*The task:*
A word-for-word retyping of the listing below is required, with the pictures dropped.
____ Information provided
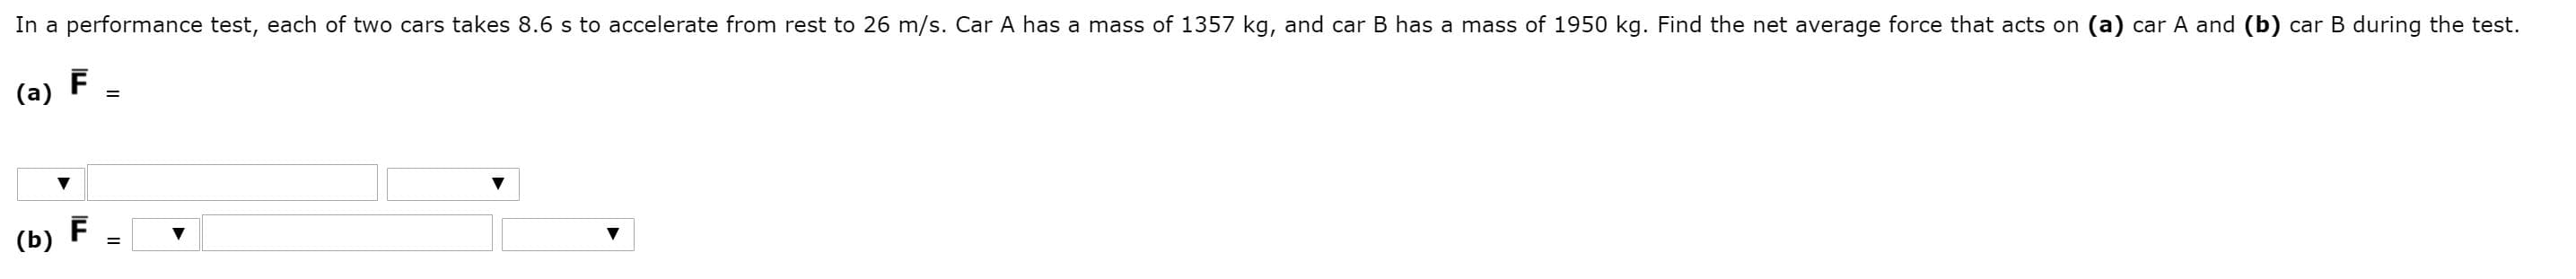 In a performance test, each of two cars takes 8.6 s to accelerate from rest to 26 m/s. Car A has a mass of 1357 kg, and car B has a mass of 1950 kg. Find the net average force that acts on (a) car A and (b) car B during the test.
(a)
(b)
________
*Your solution:*
 In a performance test, each of two cars takes 8.6 s to accelerate from rest to 26 m/s. Car A has a mass of 1357 kg, and car B has a mass of 1950 kg. Find the net average force that acts on (a) car A and (b) car B during the test.
(a)
(b)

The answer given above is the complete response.